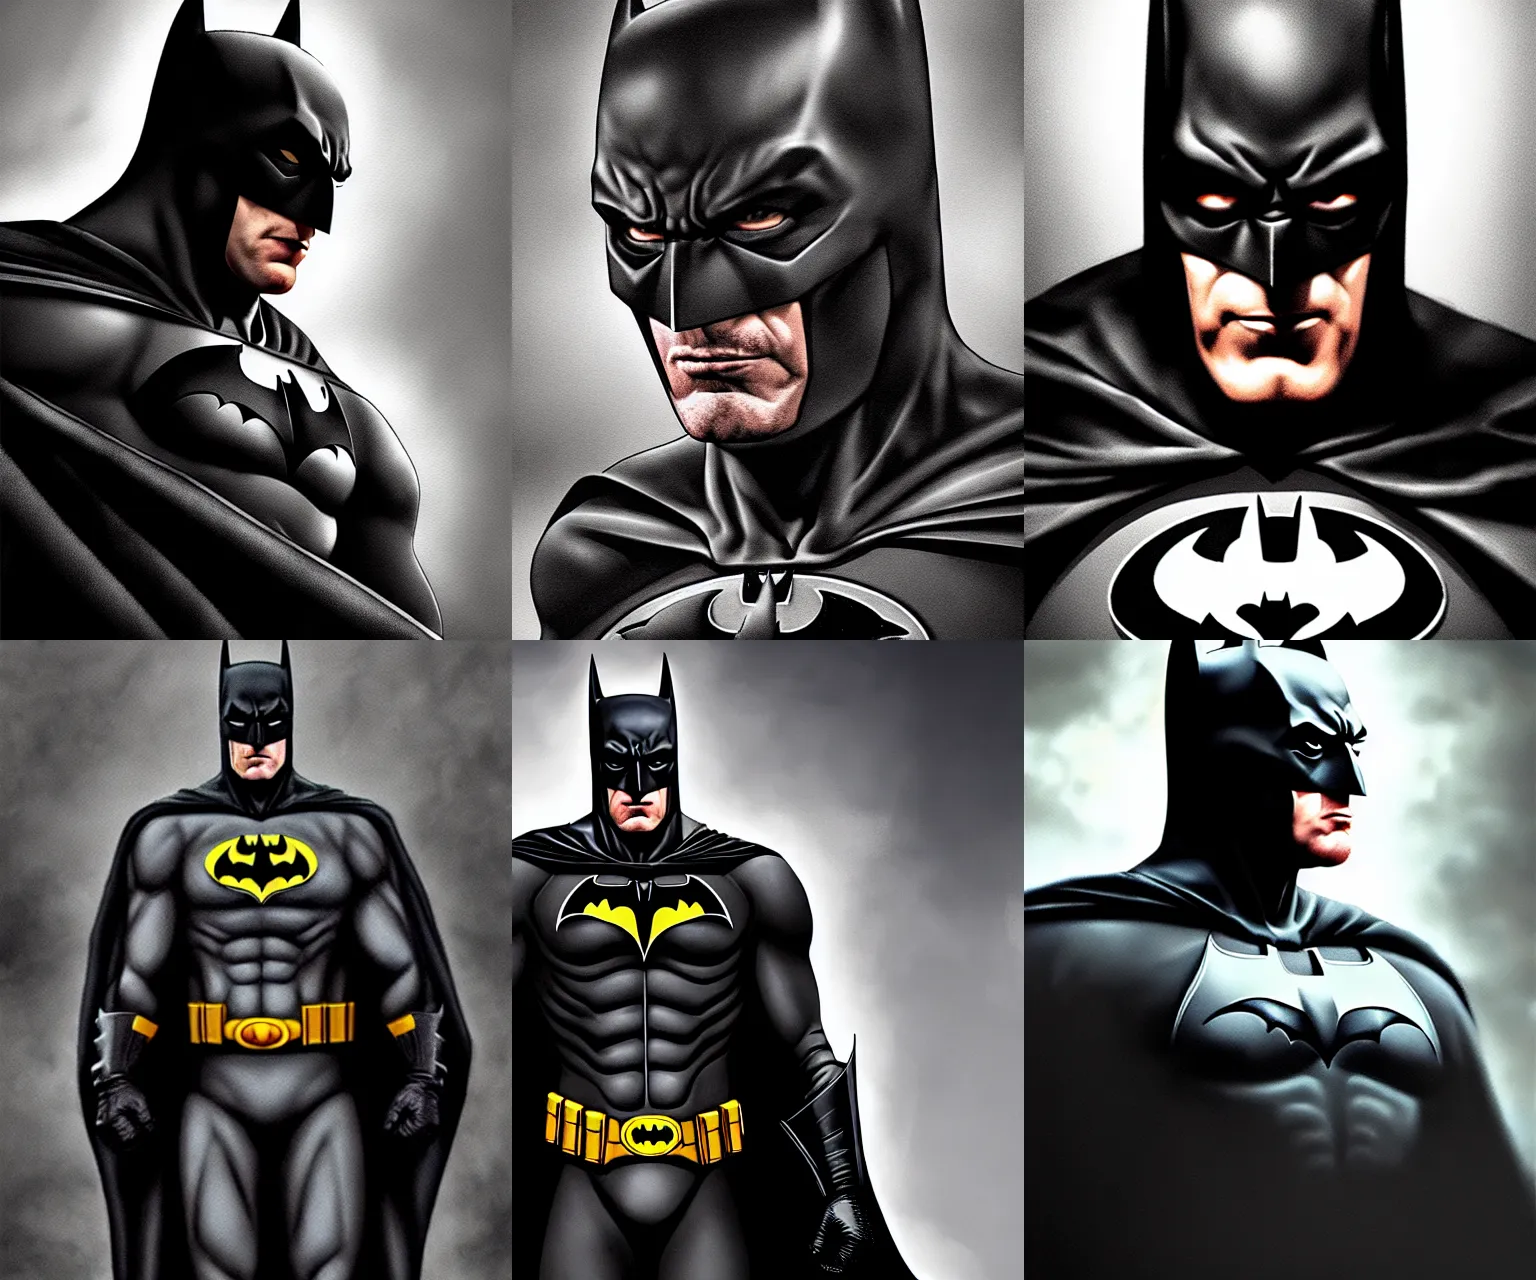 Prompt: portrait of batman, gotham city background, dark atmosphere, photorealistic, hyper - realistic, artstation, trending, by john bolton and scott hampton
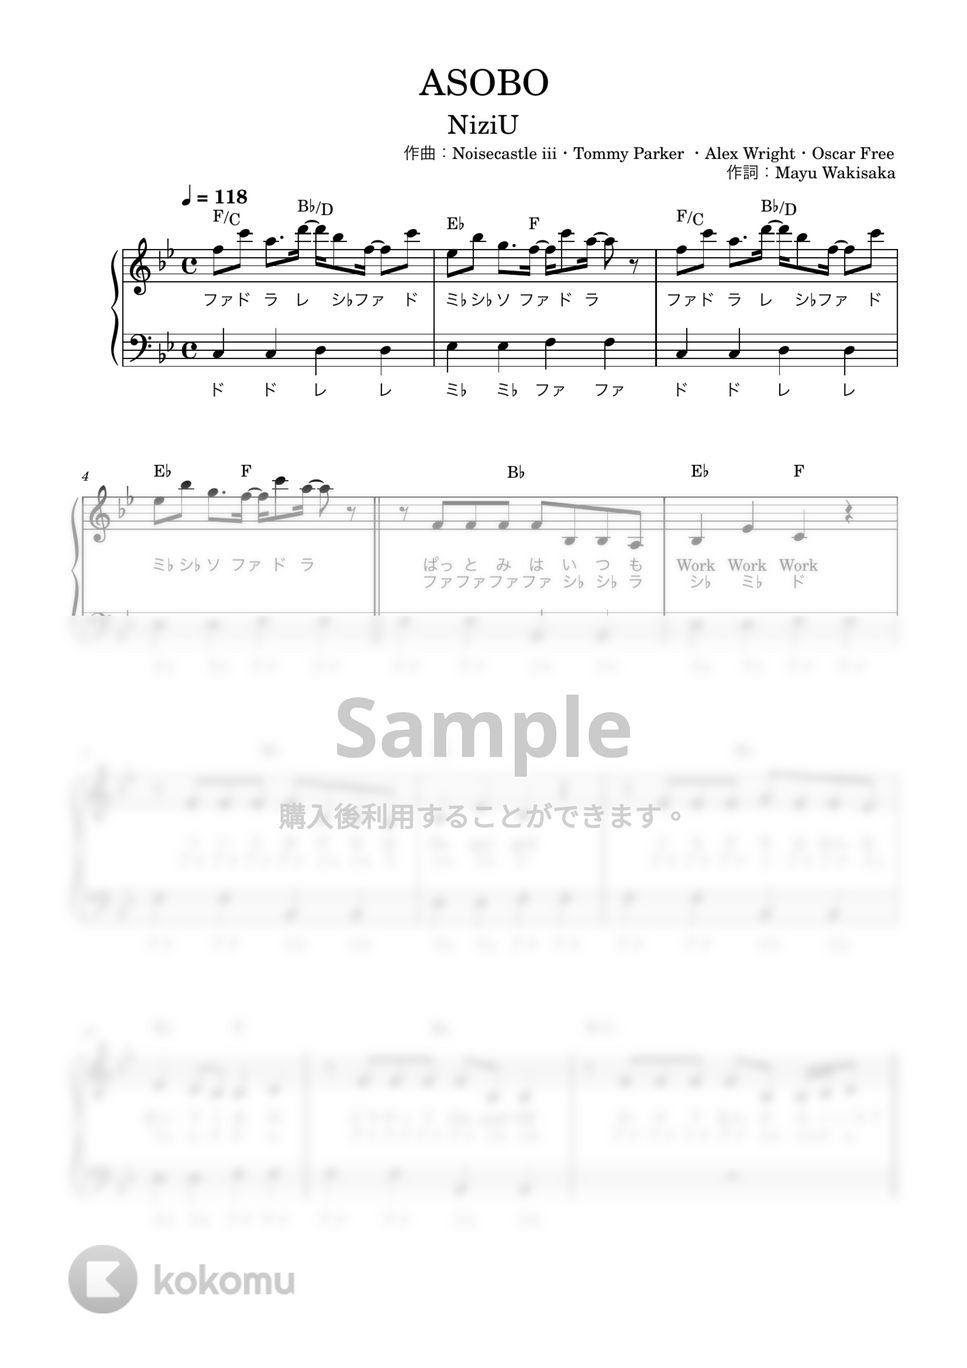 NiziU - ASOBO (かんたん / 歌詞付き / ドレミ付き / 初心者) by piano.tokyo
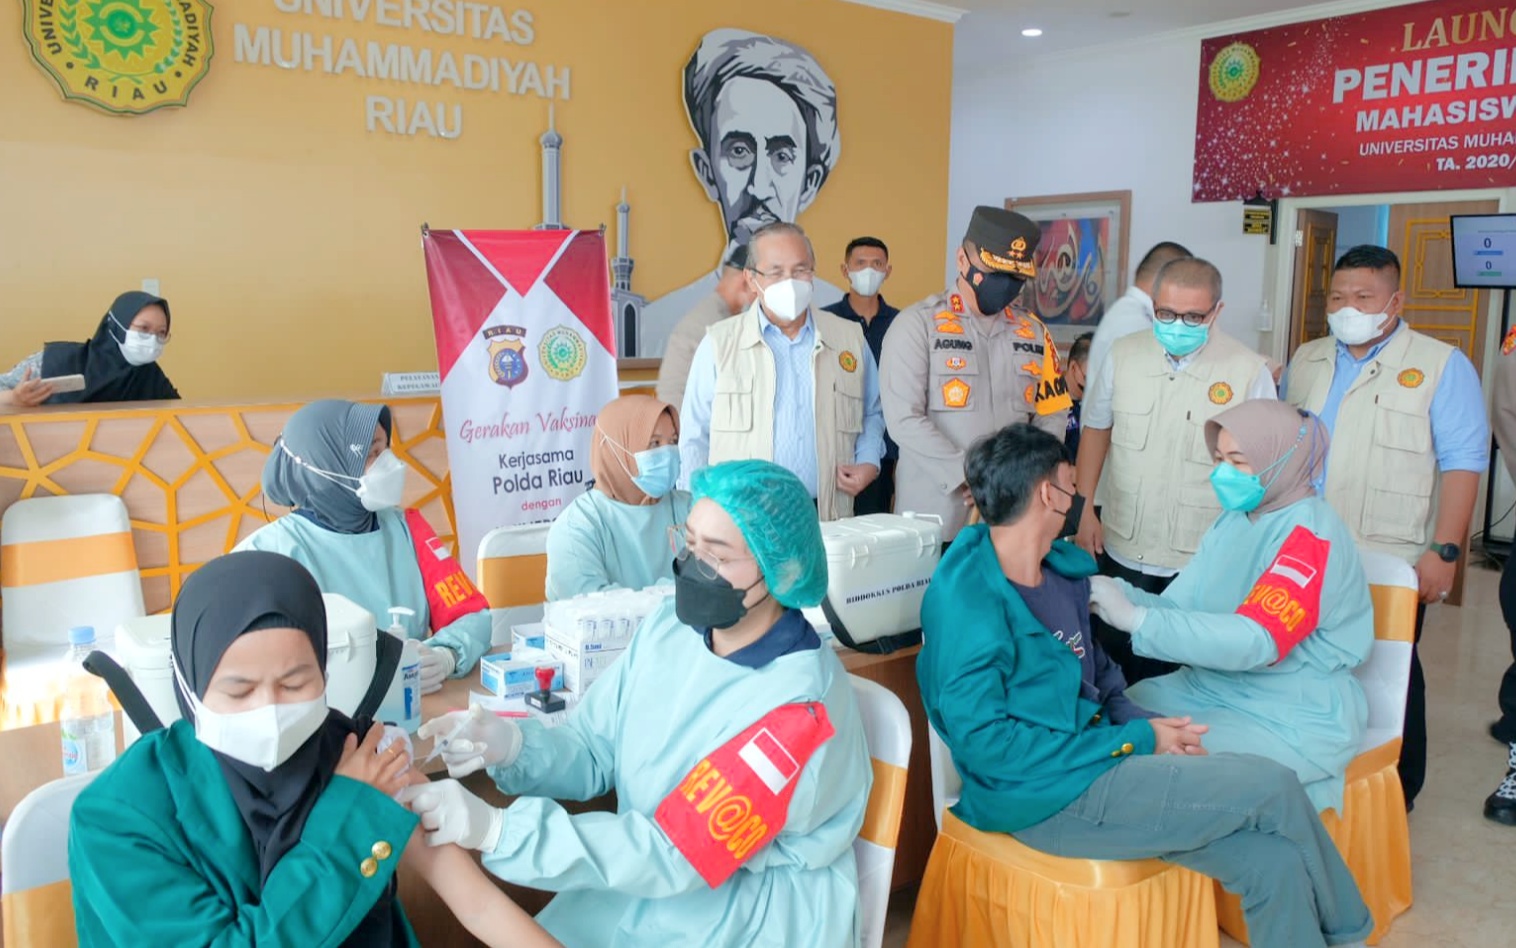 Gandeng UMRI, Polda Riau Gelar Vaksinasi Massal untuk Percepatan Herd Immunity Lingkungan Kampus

### Problem details
Your reply should give again exactly the lines from the one with "NiziU - ASOBO" through the last line of the data, with both ends included and pictures left out.

### Task response
 NiziU - ASOBO (かんたん / 歌詞付き / ドレミ付き / 初心者) by piano.tokyo
 Gandeng UMRI, Polda Riau Gelar Vaksinasi Massal untuk Percepatan Herd Immunity Lingkungan Kampus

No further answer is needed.